By using TFRecords, it is possible to store sequence data. For e.g, a series of data. Besides, it easy to combine multiple datasets and integrates seamlessly with the data import and preprocessing functionality provided by the library.
For more information about TFrecords, please refer this link.
I am reading this performance guide on the best practices for optimizing TensorFlow code for GPU. One suggestion they have is to place the preprocessing operations on the CPU so that the GPU is dedicated for training. To try to understand how one would actually implement this within an experiment (ie. learn_runner.run()). To further the discussion, I'd like to consider the best way to apply this strategy to the Custom Estimator Census Sample provided here.
The article suggests placing with tf.device('/cpu:0') around the preprocessing operations. However, when I look at the custom estimator the 'preprocessing' appears to be done in multiple steps:
Line 152/153 inputs = tf.feature_column.input_layer(features, transformed_columns) & label_values = tf.constant(LABELS) -- if I wrapped with tf.device('/cpu:0') around these two lines would that be sufficient to cover the 'preprocessing' in this example?
Line 282/294 - There is also a generate_input_fn and parse_csv function that are used to set up input data queues. Would it be necessary to place with tf.device('/cpu:0') within these functions as well or would that basically be forced by having the inputs & label_values already wrapped?
Main Question: Which of the above implementation suggestions is sufficient to properly place all preprocessing on the CPU?
Some additional questions that aren't addressed in the post:
What if the machine has multiple cores? Would 'cpu:0' be limiting?
The post implies to me that by wrapping the preprocessing on the cpu, the GPU would be automatically used for the rest. Is that actually the case?
Distributed ML Engine Experiment
As a follow up, I would like to understand how this can be further adapted in a distributed ML engine experiment - would any of the recommendations above need to change if there were say 2 worker GPUs, 1 master CPU and a parameter server? My understanding is that the distributed training would be data-parallel asynchronous training so that each worker will be independently iterating through the data (and passing gradients asynchronously back to the PS) which suggests to me that no further modifications from the single GPU above would be needed if you train in this way. However, this seems a bit to easy to be true.
MAIN QUESTION:
The 2 codes your placed actually are 2 different parts of the training, Line 282/294 in my options is so called "pre-processing" part, for it's parse raw input data into Tensors, this operations not suitable for GPU accelerating, so it will be sufficient if allocated on CPU.

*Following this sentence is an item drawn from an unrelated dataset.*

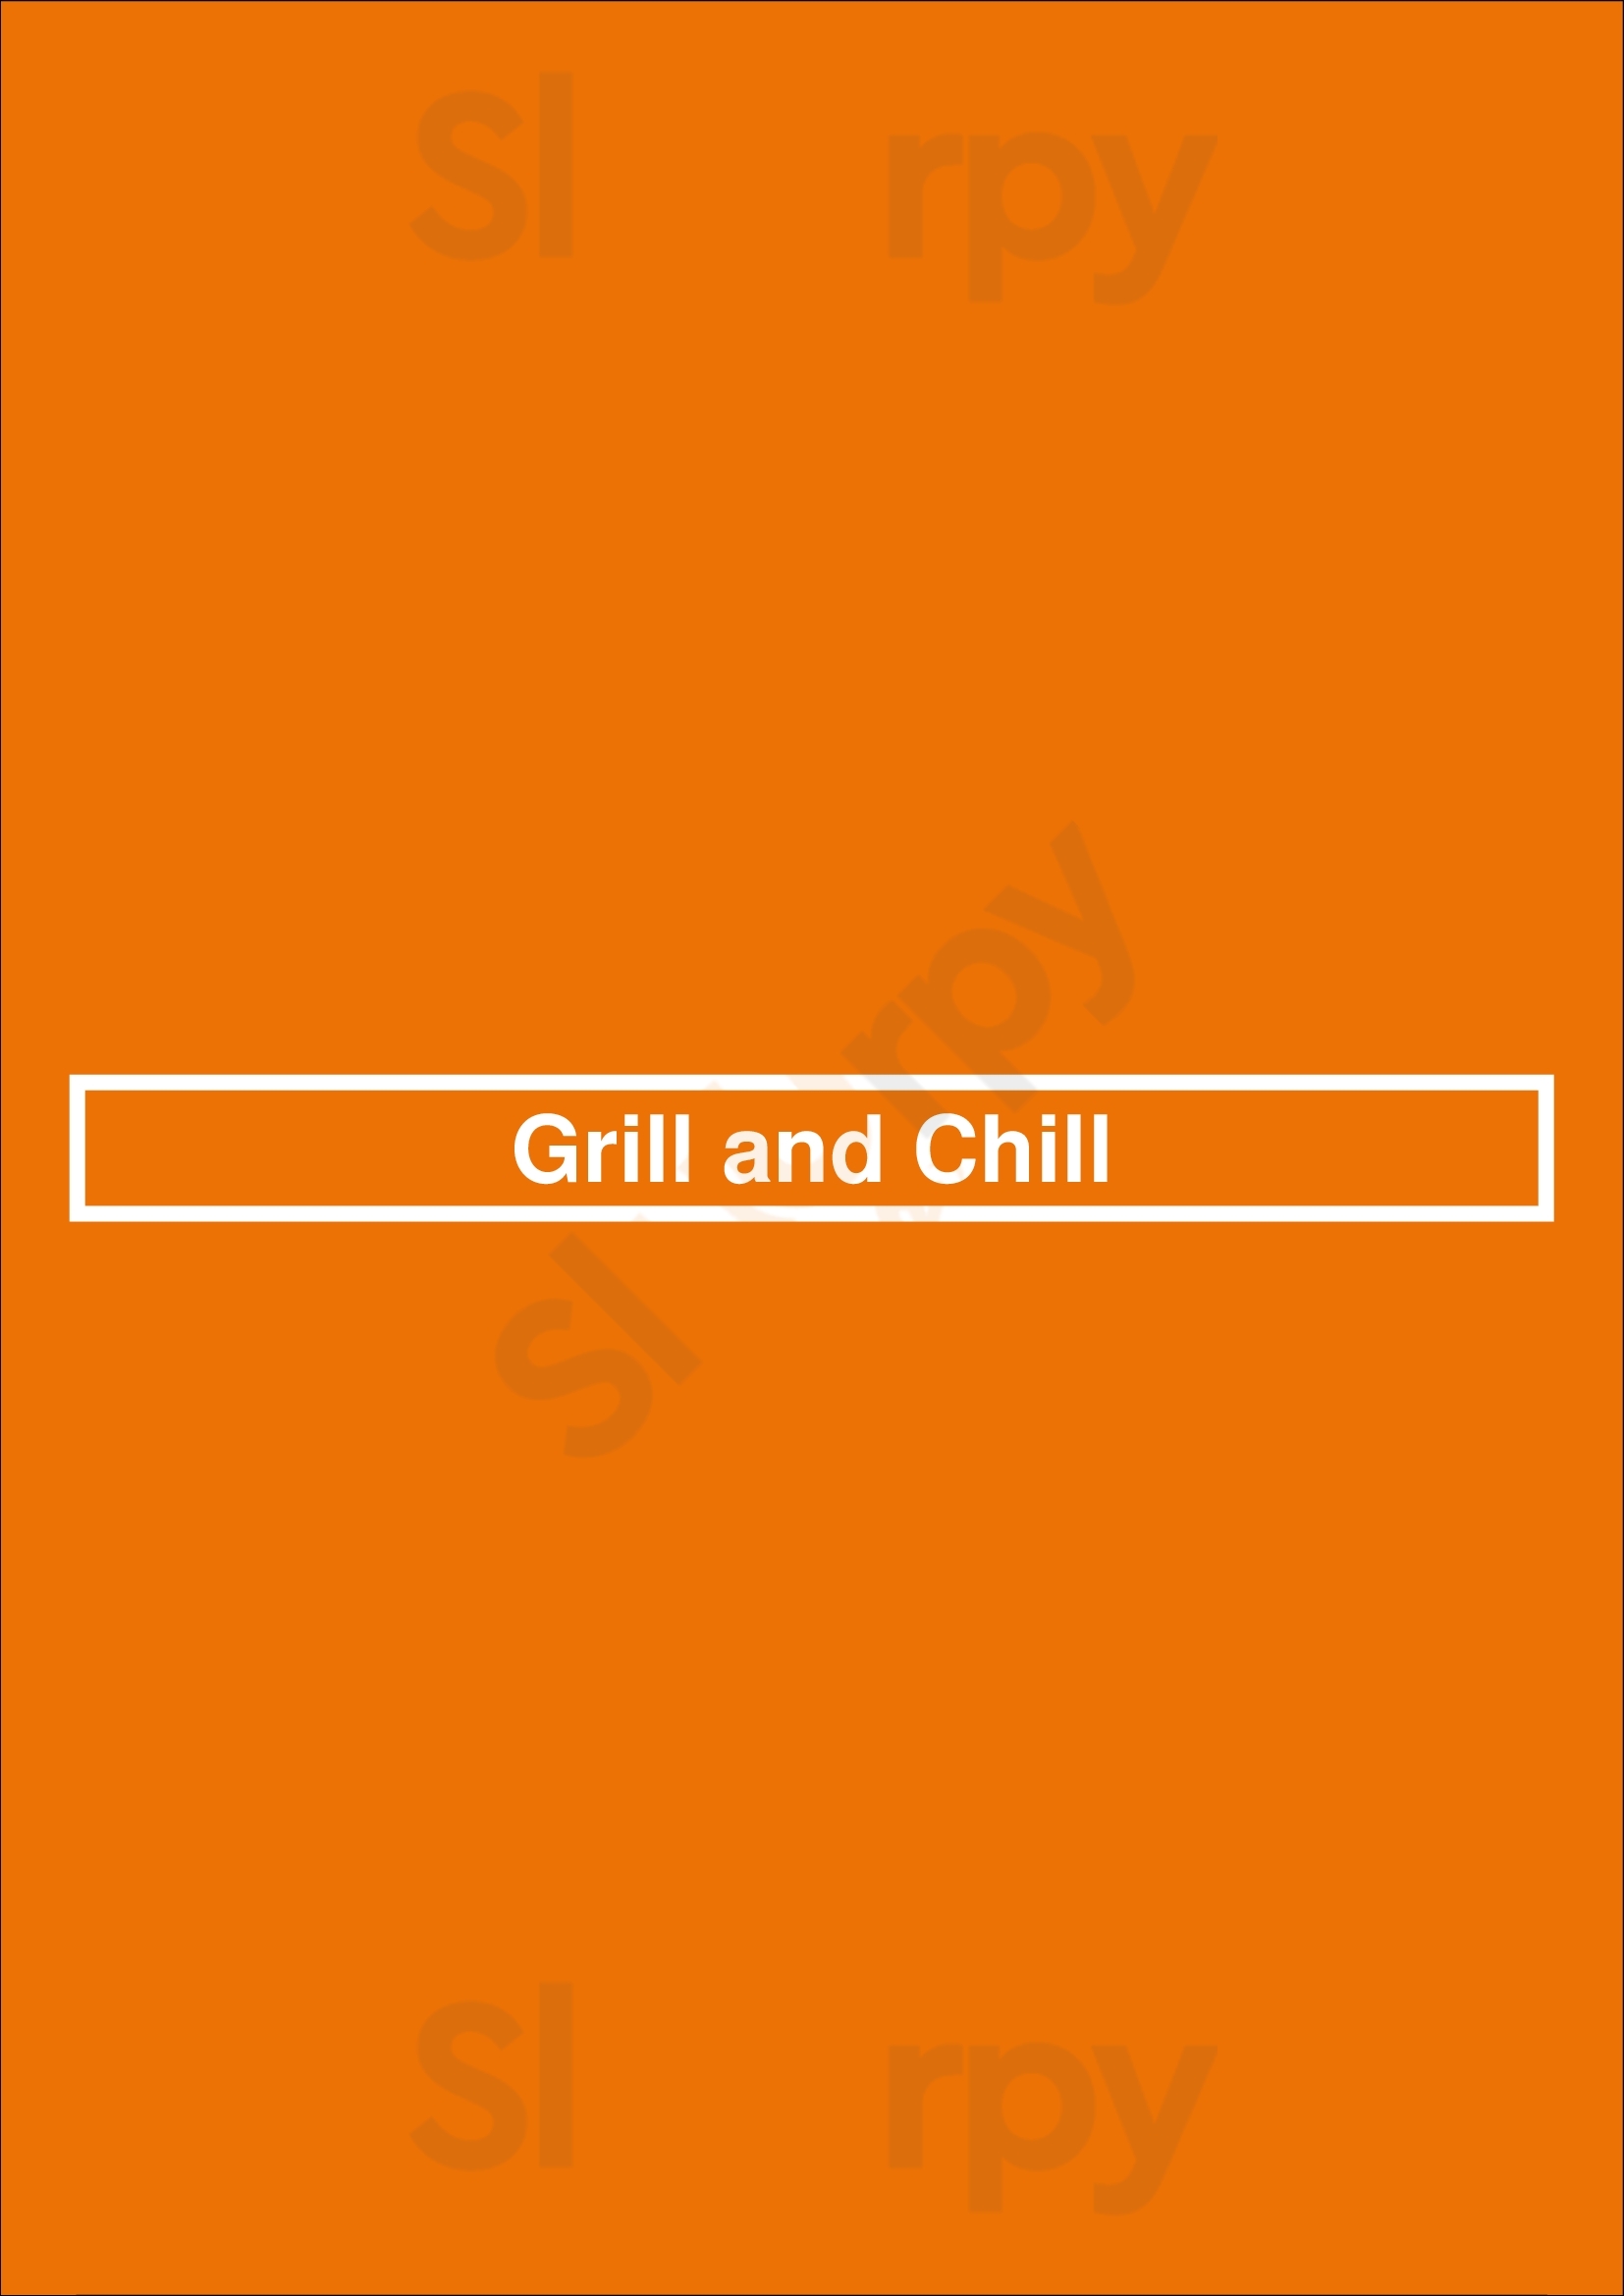 Grill And Chill Bradford Menu - 1

Line 152/152 is part of the training model for it's processing the raw feature into different type of features.
'cpu:0' means the operations of this section will be allocated on CPU, but not bind to specified core. The operations allocated on CPU will run in multi-threads and use multi-cores.
If your running machine has GPUs, the TensorFlow will prefer allocating the operations on GPUs if the device is not specified.
The previous answer accurately describes device placement. Allow me to provide an answer to the questions about distributed TF.
The first thing to note is that, whenever possible, prefer a single machine with lots of GPUs to multiple machines with single GPUs. The bandwidth to parameters in RAM on the same machine (or even better, on the GPUs themselves) is orders of magnitude faster than going over the network.
That said, there are times where you'll want distributed training, including remote parameter servers. In that case, you would not necessarily need to change anything in your code from the single machine setup.